- **Available data**:
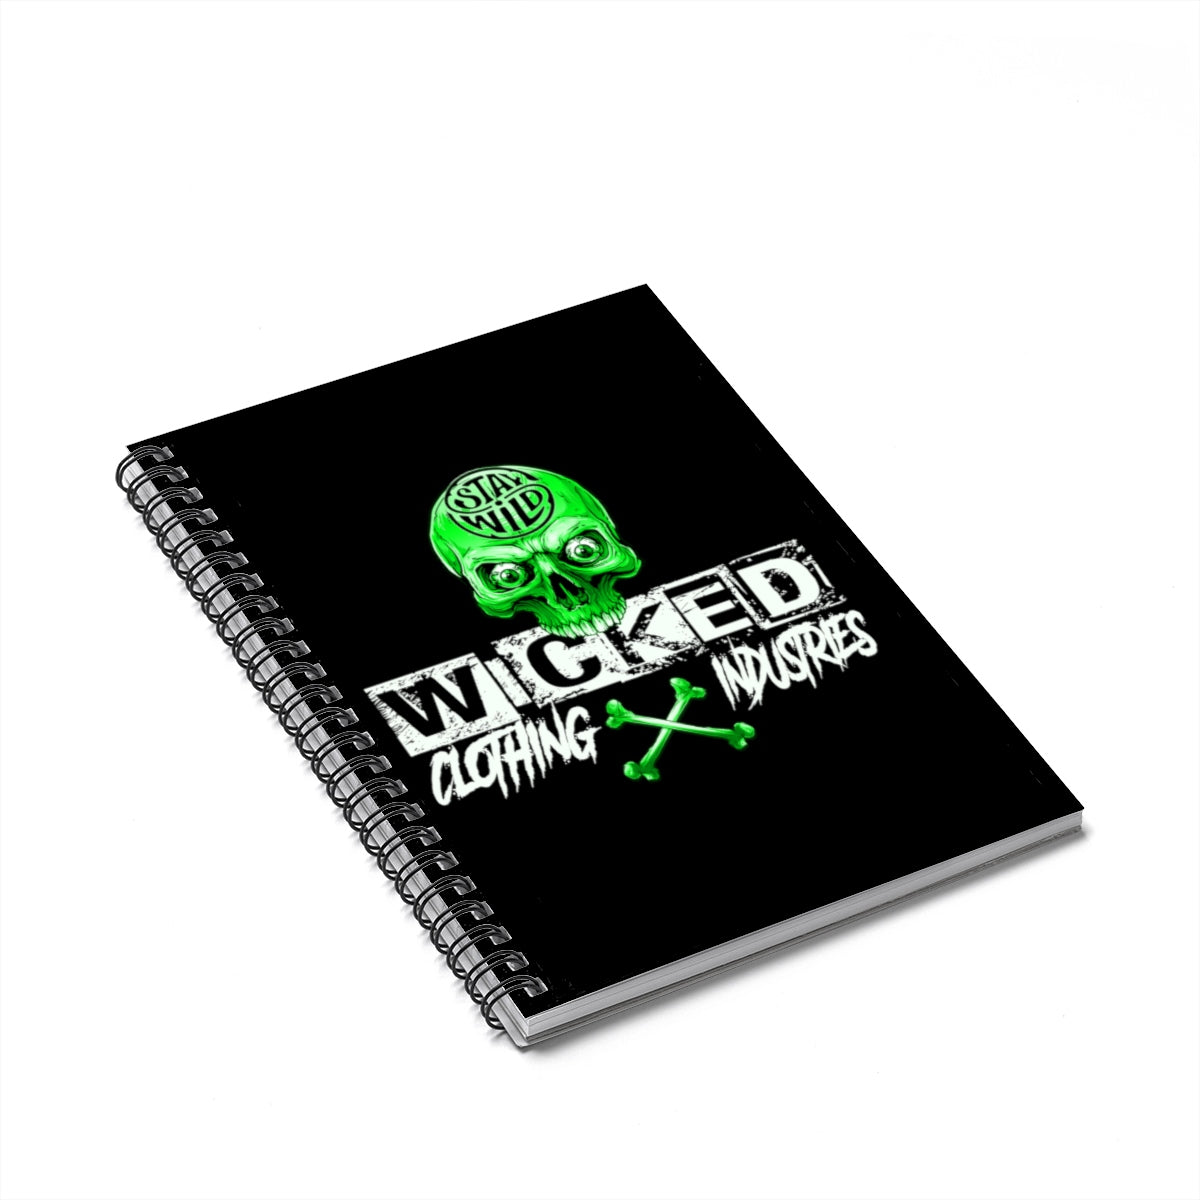 Stay Wild /Green Machine/Spiral Notebook - Ruled Line
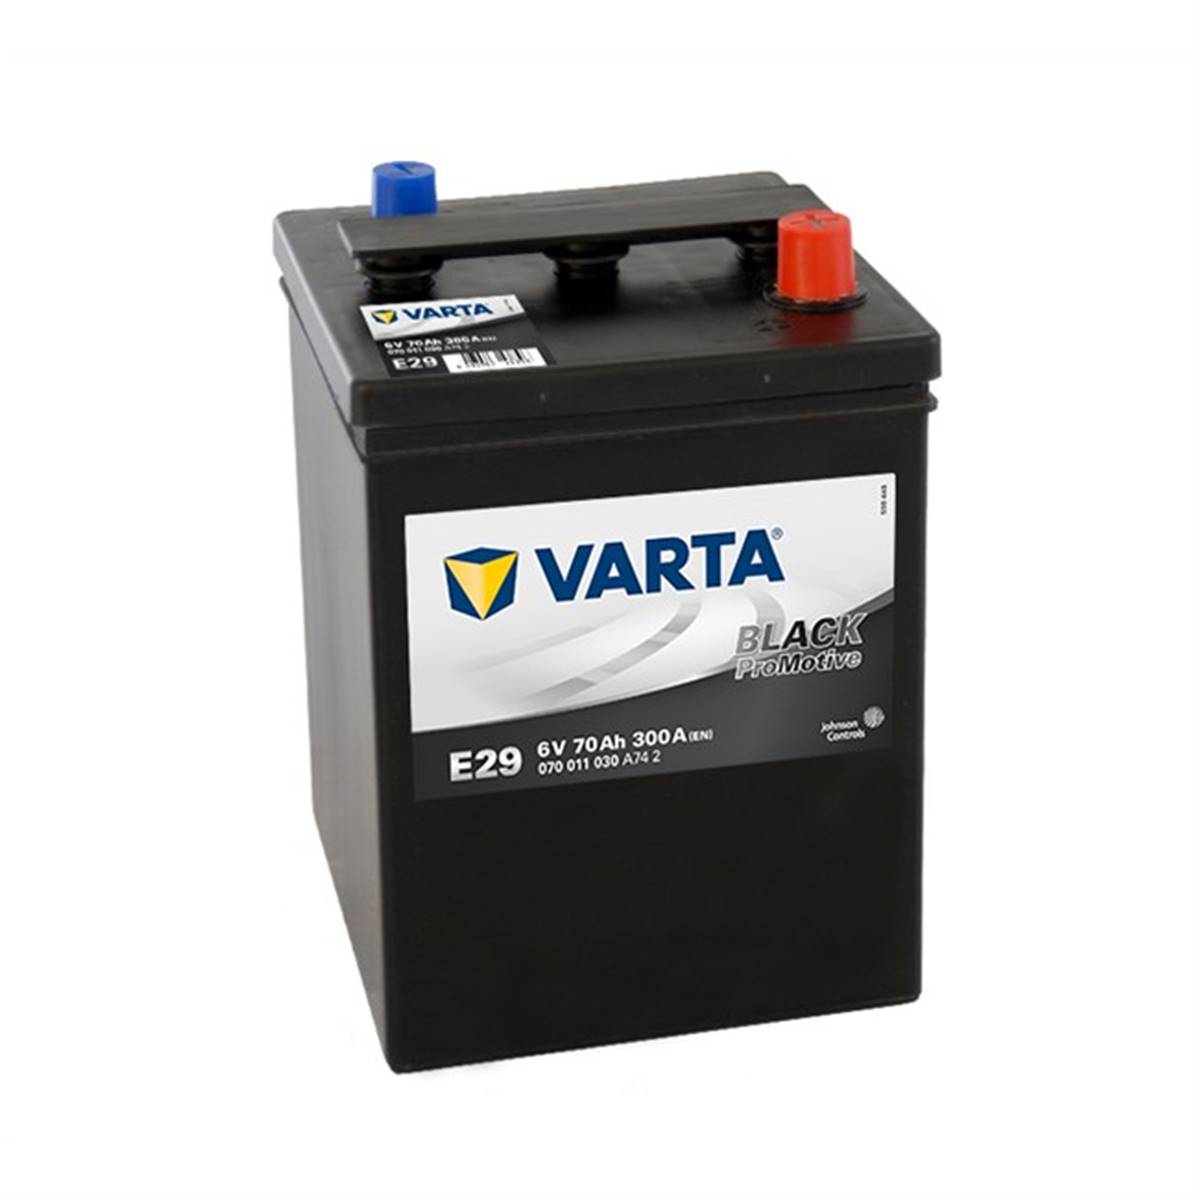 Batterie VARTA C20 ProMotive Black 55Ah 420A
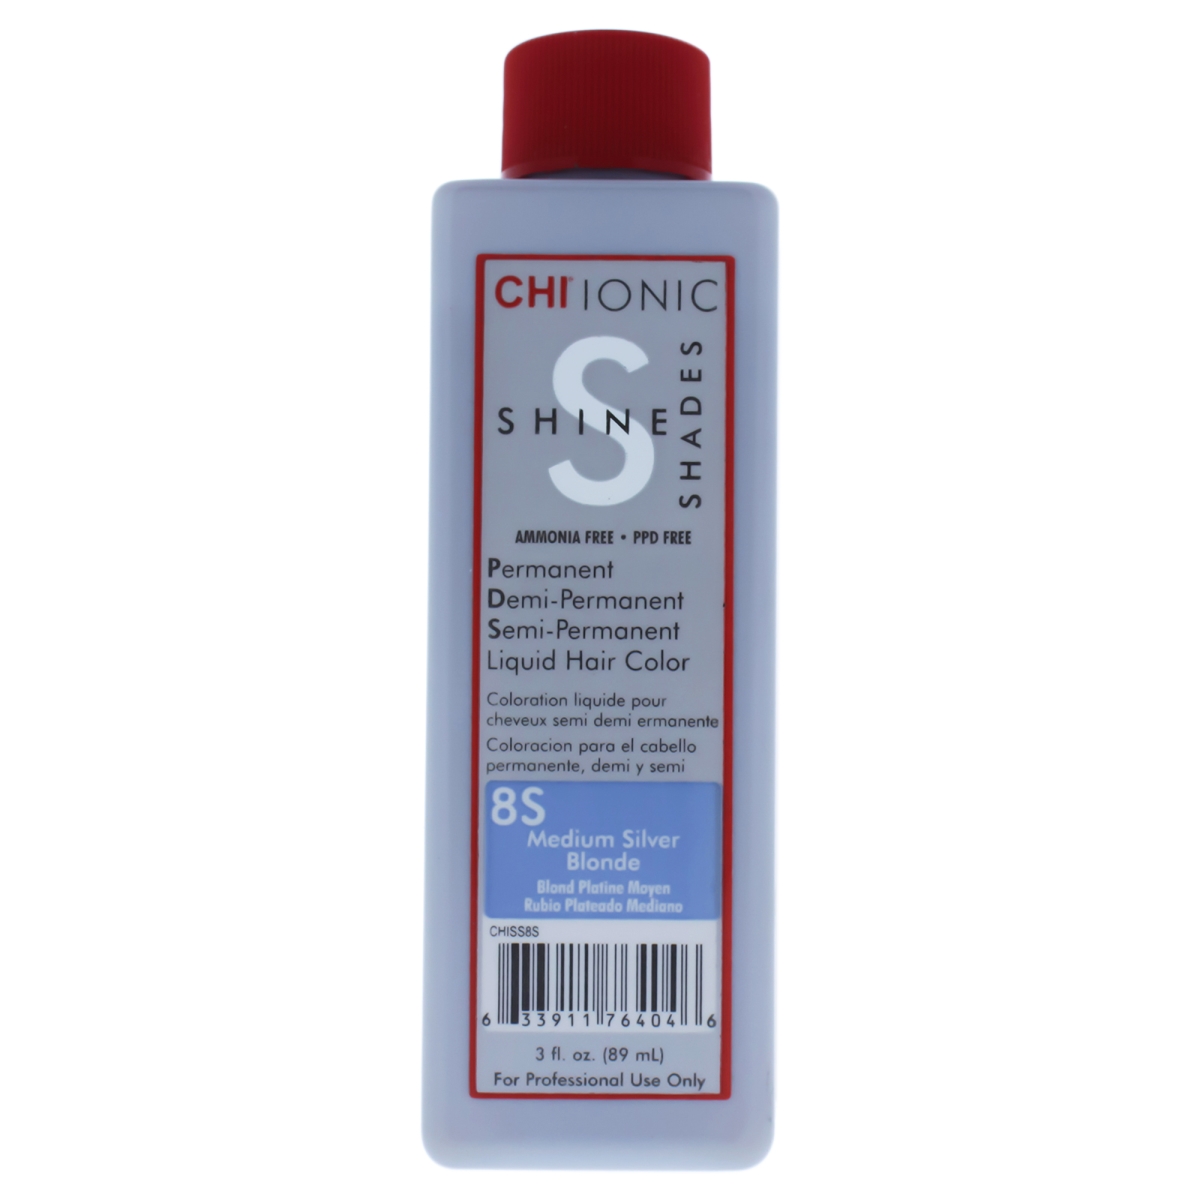 I0084051 Ionic Shine Shades Liquid Hair Color For Unisex - 8s Medium Silver Blonde - 3 Oz

- **What needs to be done**: Write the listing out again in full and unchanged, minus any pictures.

- **Result of the exercise**:
 Stay Wild /Green Machine/Spiral Notebook - Ruled Line
 Batterie VARTA C20 ProMotive Black 55Ah 420A
 I0084051 Ionic Shine Shades Liquid Hair Color For Unisex - 8s Medium Silver Blonde - 3 Oz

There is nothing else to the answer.